Am I Really One?
They say psychopaths are unable to love. A court-appointed psychiatrist said freshly convicted killer, Diane Downs, a psychopath, was unable to love. Then how could she have been so madly in love with her boyfriend that she shot her three children in a misguided attempt to hold on to him? The thing is that we have words for emotions and assume we are talking about the same thing when we use a word. But how do we know? The truth of the matter is that many psychopaths feel what we call “love.” How much like the “love” which NTs experience,who can say?
I have been certain of my psychopathy ever since my best friend gave me the news when I was a teenager. She wasn’t trying to insult me.

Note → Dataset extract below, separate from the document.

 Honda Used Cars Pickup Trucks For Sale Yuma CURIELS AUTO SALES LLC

She had talked about me to some professional, not our shrink, describing my “symptoms.” Why should the opinion of another teenager with no professional expertise matter? I confess to a flash of intuition, something, in itself, very non-psychopathic of me. It just “fit.” I have been certain about this ever since. Many years later, I voluntarily got a personality assessment by professionals and got the kind of validation these people can give. I was “diagnosed” as having ASPD, the DSM version of psychopathy. No, they wouldn’t use the PCL-R, as I had requested.
Recently, some of the answers on Quora from psychopaths are making me wonder if I’ve been wrong all these years. Athena Walker has informed us that she never feels euphoric. Psychopaths can’t, she said. I asked another psychopath, a friend in whom I have a lot of confidence. He agreed with Athena. It’s been obvious that I’m more emotional than he is. In fact, he once suggested I might be a borderline. Athena has also denied ever falling in love or even bonding.

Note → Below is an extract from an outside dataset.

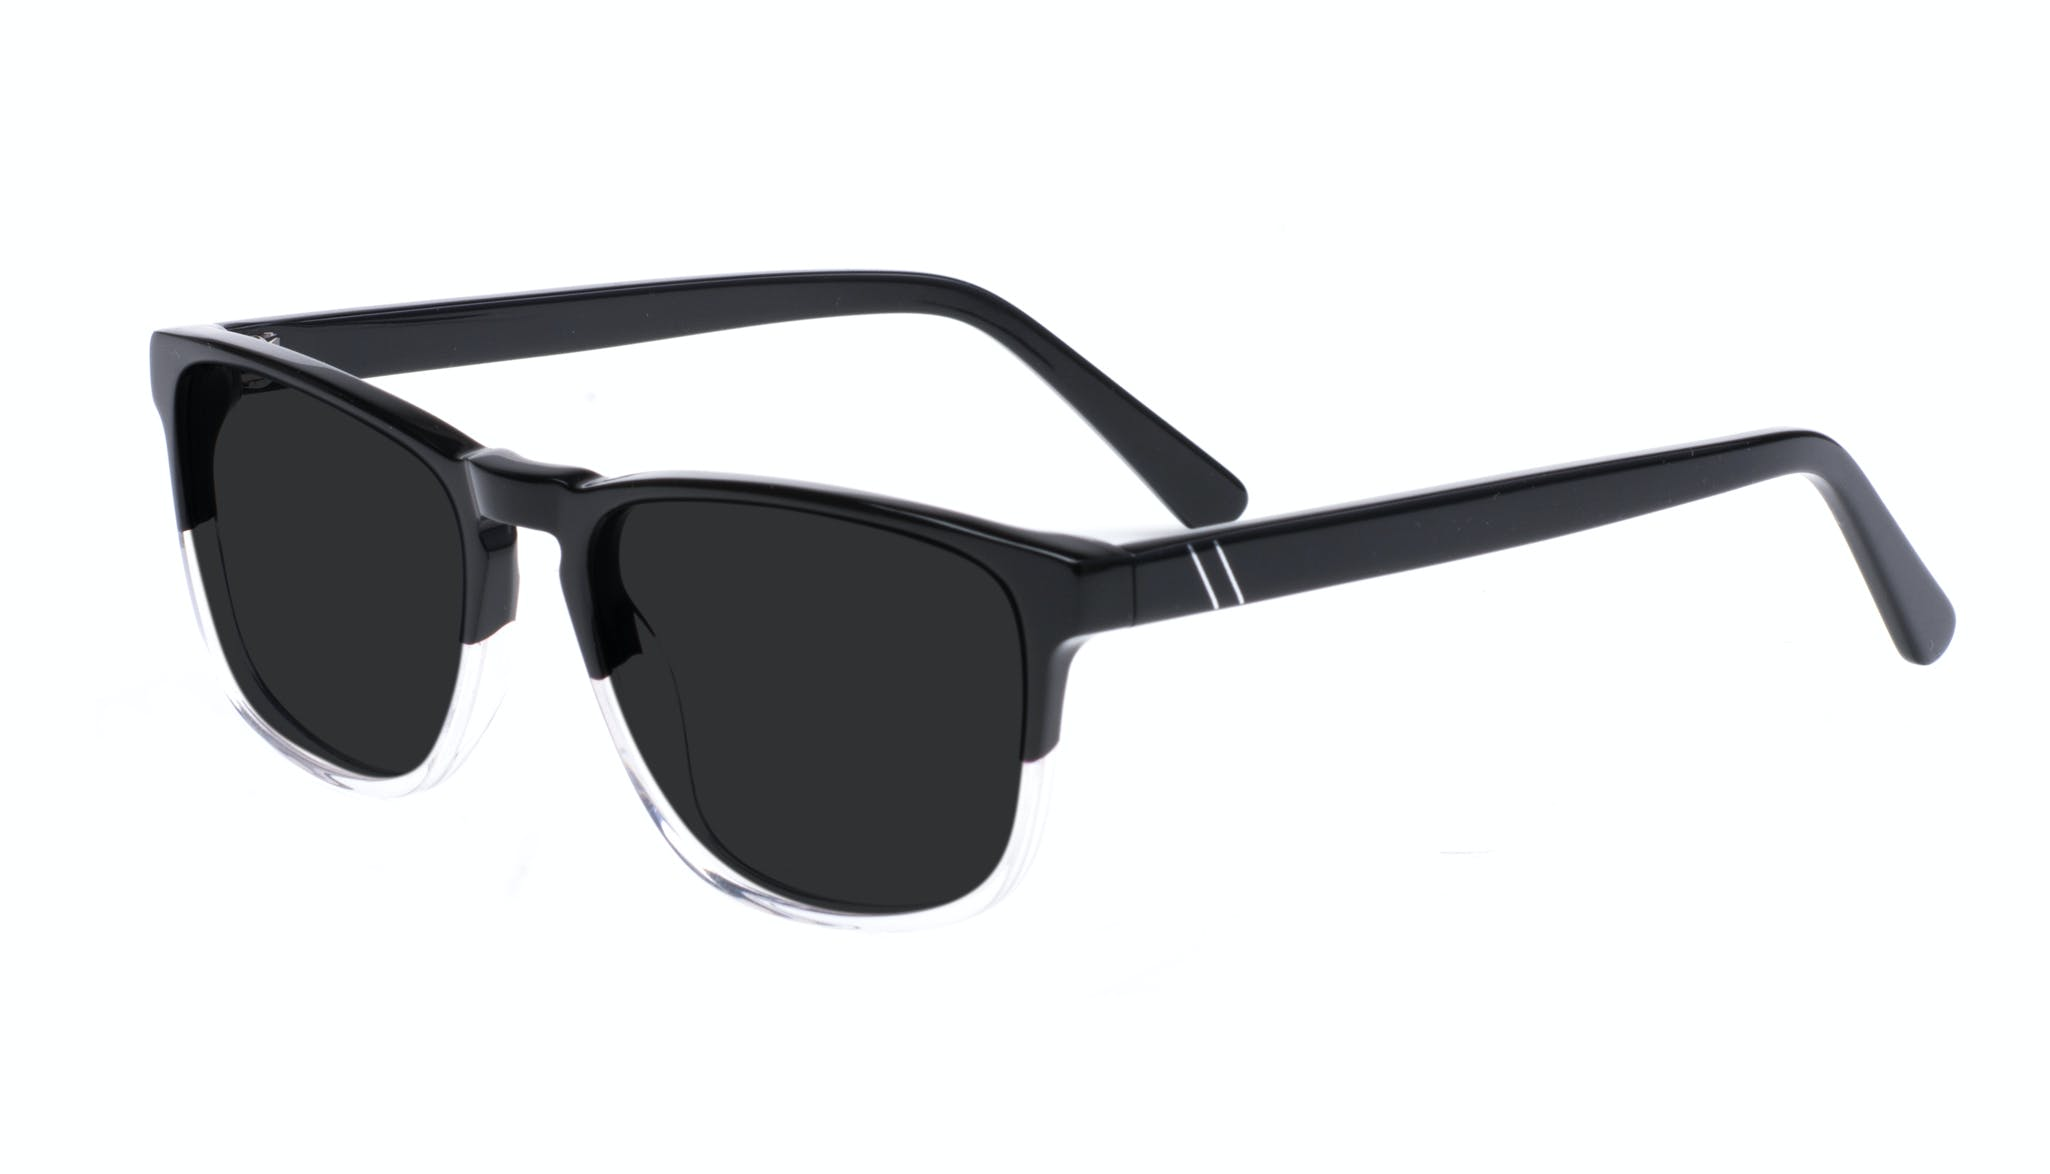 Affordable Fashion Glasses Rectangle Sunglasses Men Loft Black Diamond Tilt
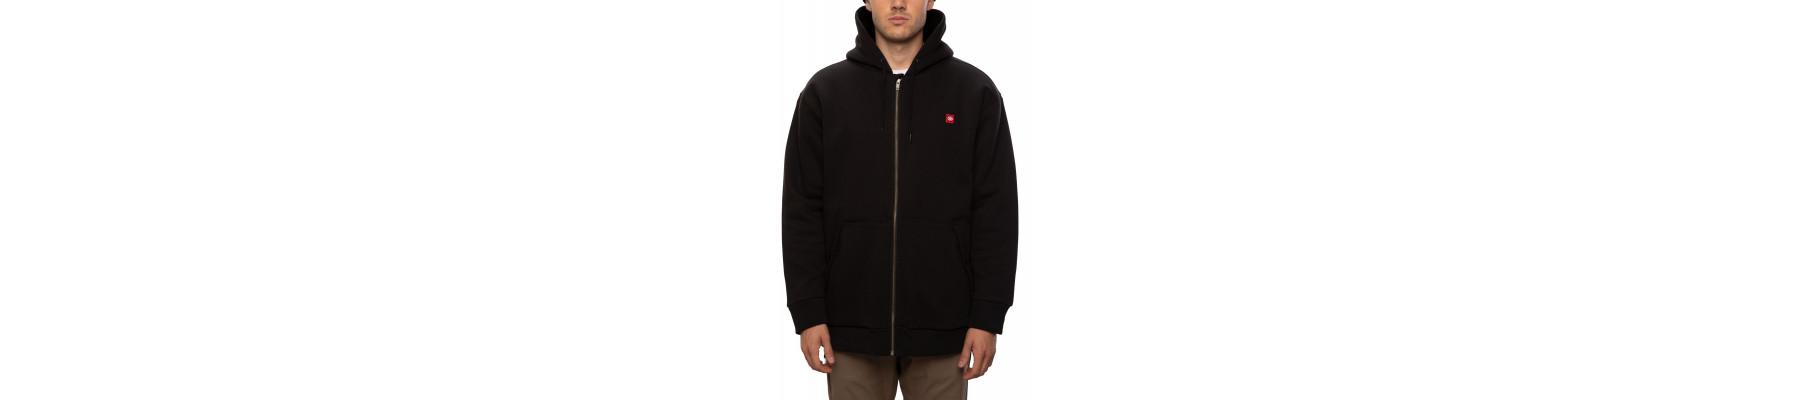 686 Sherpa Lined Hooded Sweatshirt black

What are the defining criteria for psychopathy? The PCL-R lists twenty:
glib/superficial charm
grandiose sense of self-worth
need for stimulation/proneness to boredom
pathological lying
conning/manipulative
lack of remorse or guilt
shallow effect
callous/lack of empathy
parasitic lifestyle
poor behavioral controls
promiscuous sexual behavior
early behavioral problems
lack of realistic long term goals
impulsivity
irresponsibility
failure to accept responsibility for own actions
short term marital relationships
juvenile delinquency
revocation of conditional release
criminal versatility
The inability to experience euphoria or romantic love are not on the list. Aren’t there psychopaths who fall in love? Well, M.E. Thomas, author of Confessions of a Sociopath, and owner of the blog, Sociopath World, says, “Yes. Sociopaths can love with a selfish intensity that puts other love to shame.” It should be noted that, to M.E., the words “psychopathy” and “sociopathy” are interchangeable. The owner of Psychopathy Awareness concurs.

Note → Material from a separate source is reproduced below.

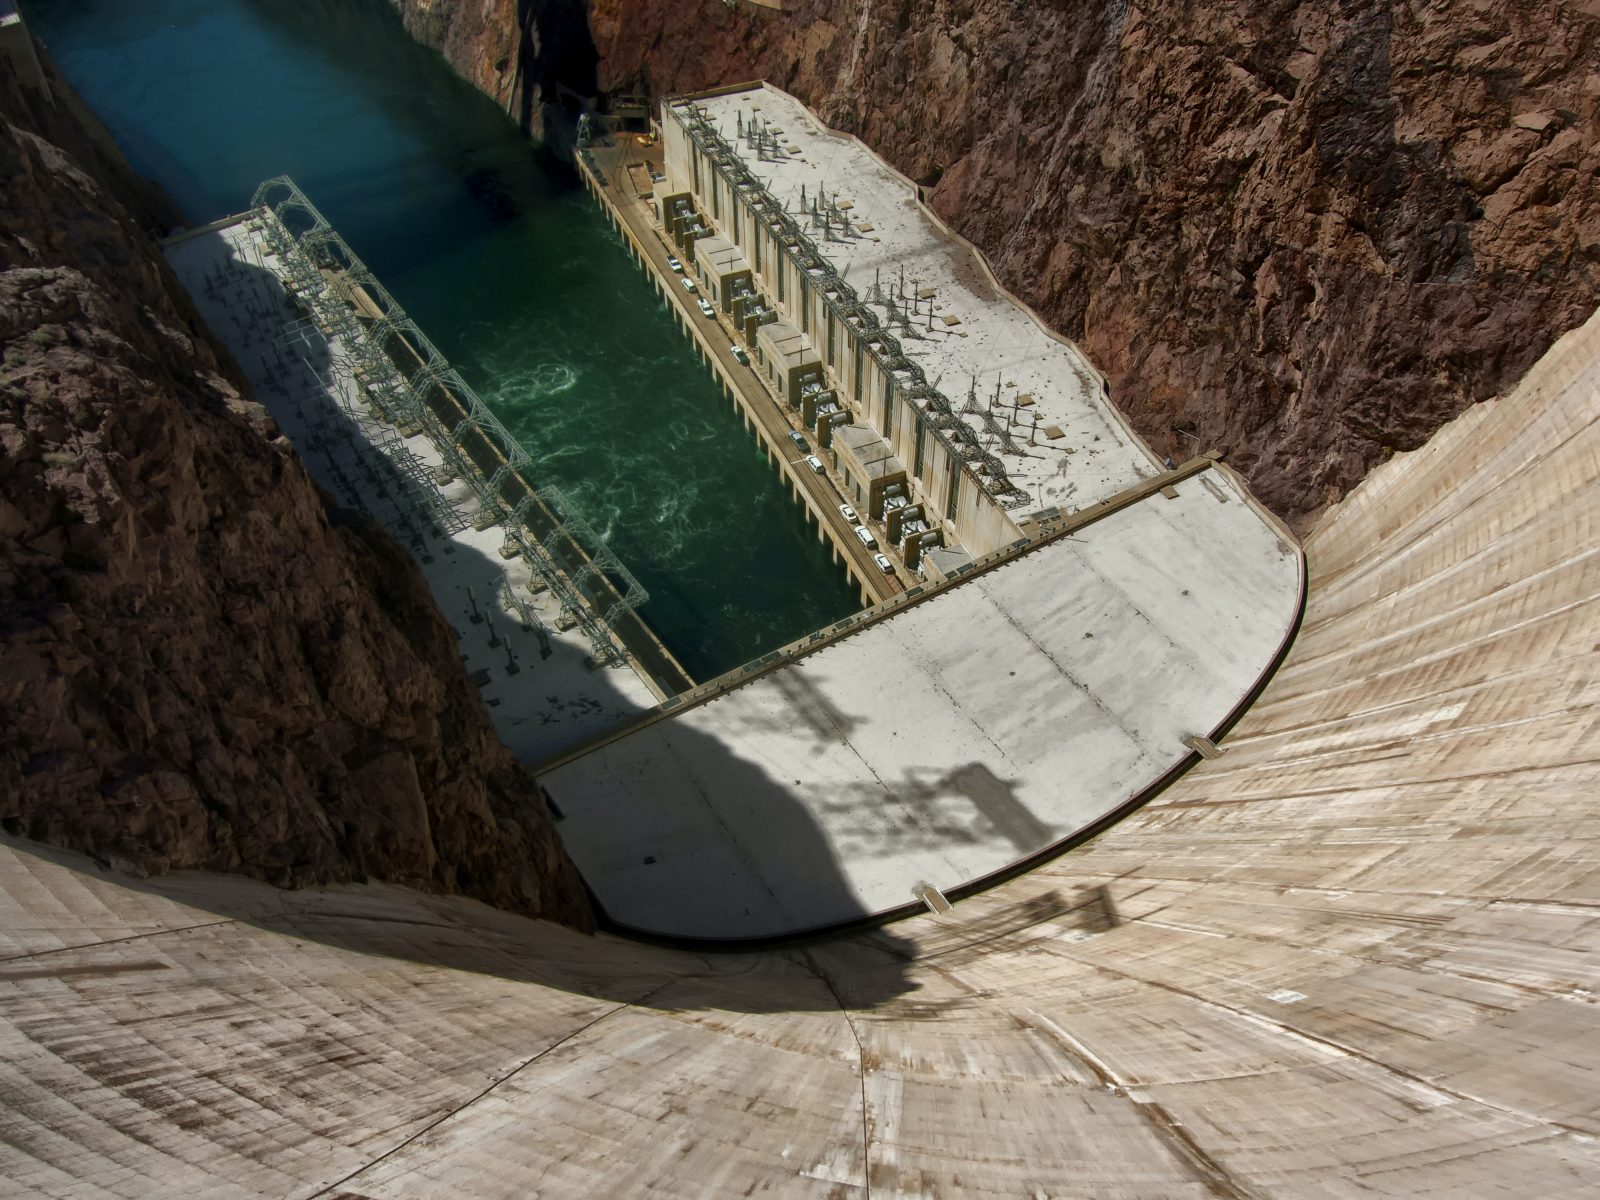 Hoover Damn, Nevada

Another example can be found in the annuls of crime. Meet Diane Downs who shot her three children because she saw them as an obstacle to her affair with a man she was in love with. In the course of her trial, she was examined and diagnosed by Dr. George Suckow who found the presence of three Cluster B personality disorders: narcissistic, histrionic and antisocial. Can a psychopath also be histrionic? But isn’t psychopathy about emotional blunting? Histrionics are emotionally labile. They are all over the place. But the very versatility of the emotions is also a clue to their shallowness.
Another psychiatrist, Dr. Barbara Ziv, concurs. The only professional opinion that disagreed was Dr. Polly Jamison, who originally called Diane Downs a “deviant sociopath” and then took it back. There is, on the subject of psychopathy, a plethora of opinions, some conflicting with one and other. The only stable standard which has a pretty good consensus is the Diagnostic and Statistic Manual and the Hare PCL-R, called the “gold standard” for psychopathy. But even these are somewhat at variance with one and other. On my psychopathy page, I listed links to the experts and many more to what psychopaths had to say about themselves. I believe there will be different opinions at large for quite some time. That might not be a bad thing as scientific consensus is sort of an oxymoron, since scientists need to be independent thinkers.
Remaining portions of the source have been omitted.